Nouritza Matossian is a writer, actor, broadcaster and human rights activist writing about the arts, contemporary music, history and Armenia. She has published the first critical study of the Greek composer Iannis Xenakis and a ground-breaking biography, Black Angel, A Life of Arshile Gorky in 1998. Honorary Cultural Attache for the Armenian Embassy in London from 1991-2000, she broadcasts on the BBC as well as contributing to newspapers and magazines including The Independent, The Guardian, The Economist and The Observer. Shadows of Forgotten Ancestors is screening as part of Under Soviet Skies.
”I feel for that line where nature passes into art and art into nature” – Sergei Parajanov
I will never forget the time I saw the first Parajanov film screening in the early 70s at the Commonwealth Institute, Kensington, with an excited group of fellow Armenians. Smuggled in unofficially, the pirated copy of Colour of Pomegranates was projected, bleached of colour, with distorted sound, yet I recall the sudden shock and elation of recognising a contemporary masterpiece. It was an epiphany, a homecoming that led to a lifelong passion. After the black and white tragedies of Armenian Genocide films, here, we witnessed a virtuoso artist playing across the rich range of Armenian art, culture and music with a depth and inventiveness never encountered. Why had it been banned by the Soviet authorities? Parajanov himself said,
“I am an Armenian, born in Tiflis, sitting in a Russian prison for being a Ukrainian nationalist. I was in prison in Ukraine for four years and four months. Two years in other prisons. I served eight years in Tblisi and Kiev. They yelled at me, mocked and tortured me.” These are the words of one of the world’s greatest filmmakers.
Sarkis Parajanian was born in 1924 to an Armenian family, his father an antique dealer and his mother a storyteller. Like many hidden Armenian artists, he borrowed camouflage from his host country. In Moscow 1945 renamed Sergei Paradhzanov, he studied voice and choreography then joined the directing programme at VGIK under Igor Savchenko. After completing the statutory Soviet films, which he subverted and would later disown, he went to Kiev to Dovchenko Film Studios.

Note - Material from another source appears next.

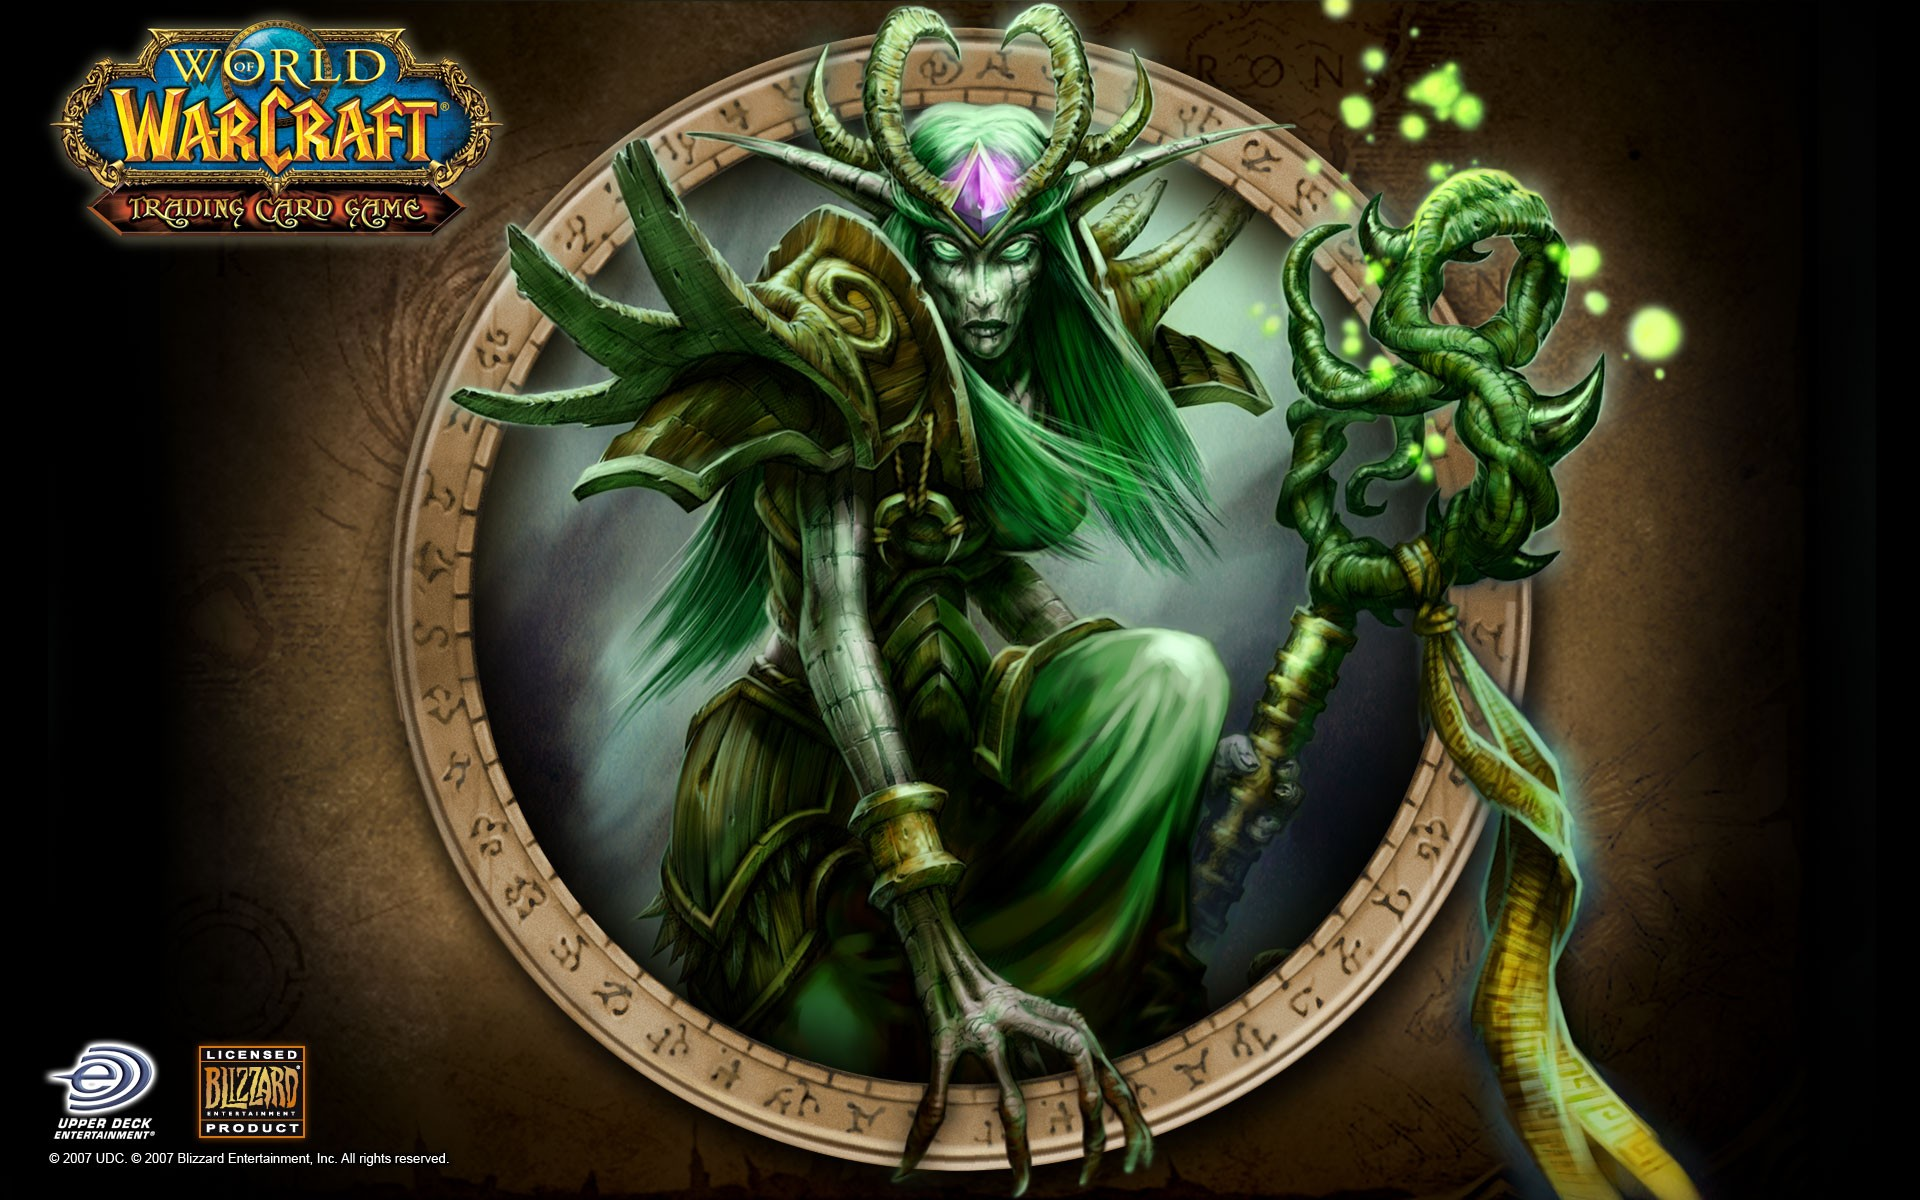 Dark Souls Animated Wallpaper World Of Warcraft Legion Wallpaper 183 ① Download Free

For the 100th anniversary in 1964 of the classic Ukrainian writer Mykhailo Kotsiubynski a film was commissioned based on his lyrical, poetic novel about the Hutsul people of the Carpathian mountains living from forestry and farming animals. Parajanov knew that many Armenians also lived there, after escaping from Lvov when Ukrainians demanded they become Catholics. The title too must have chimed with his acute awareness of the genocide which had decimated his people. Coupled with his natural affinity for folk arts, music and rituals, he would celebrate this ancient culture. The theme of doomed love in the film also drew on his tragic first love; a Muslim Tartar girl who converted to Christianity, secretly married him in 1949 but was hunted by her brothers stabbed and pushed under a train.
Ivan and Marichka’s childhood love in the birch forest by a rushing river grows strong but is tragically cut short. Ivan’s obsessive pursuit of her spirit after death is framed by village life, farming and ancient costumed rituals. Parajanov separated the different functions of visuals and sound, colour and image, character and dialogue. The villagers act as a chorus, dancers and narrators in highly coloured traditional costumes and masks. The plot itself is powered by the soundtrack with leitmotifs from local instruments such as the longhorn, natural noises of the landscape and animals, Hutsul chanting and speech. Headings announce episodes and dialogue is spare.
The film’s startling choreography, by the young Yuri Ilienko’s unhindered extemporising camera, whirls in and out of focus destabilizing the viewer. Sequences shift from colour to black and white, hieratic close-ups of people, animals, faces, textiles, wood carvings, symbols, earth, rock, fire and water against tracking shots in the woodland. This panoply of techniques contrasts with the later static tableaux vivants in Colour of Pomegranates (1968). Parajanov acknowledged that his stimuli are visual rather than literary and each frame is independently composed, “my directing tends to dissolve in painting.” In this and other films, he initiated a style of film making that rejected narrative Social Realism and opened up the possibility of poetic film making as never before with his daring aesthetic vision and highly charged editing.
He publicly defended artistic freedom and his Hutsul soundtrack from being dubbed into Russian. Unwittingly swept up as a figurehead of Ukrainian nationalism he would be prevented from making more films for years to come. Despite the condemnation of Soviet authorities, the film received huge success abroad. A long run in France, international prizes and awards, which he was forbidden from attending, put Soviet cinema on the world map and gained him the devoted admiration of such artists and film directors as Fellini, Truffaut, Scorsese, Godard, Dali and many more, who campaigned for his release from prison, where his health was endangered. Parajanov’s artworks and collages are exhibited in the Parajanov Museum built as his home in Yerevan where he died on 20 July 1989.
Unquestionably Shadows of Forgotten Ancestors is one of the finest masterpieces in the canon of world cinema.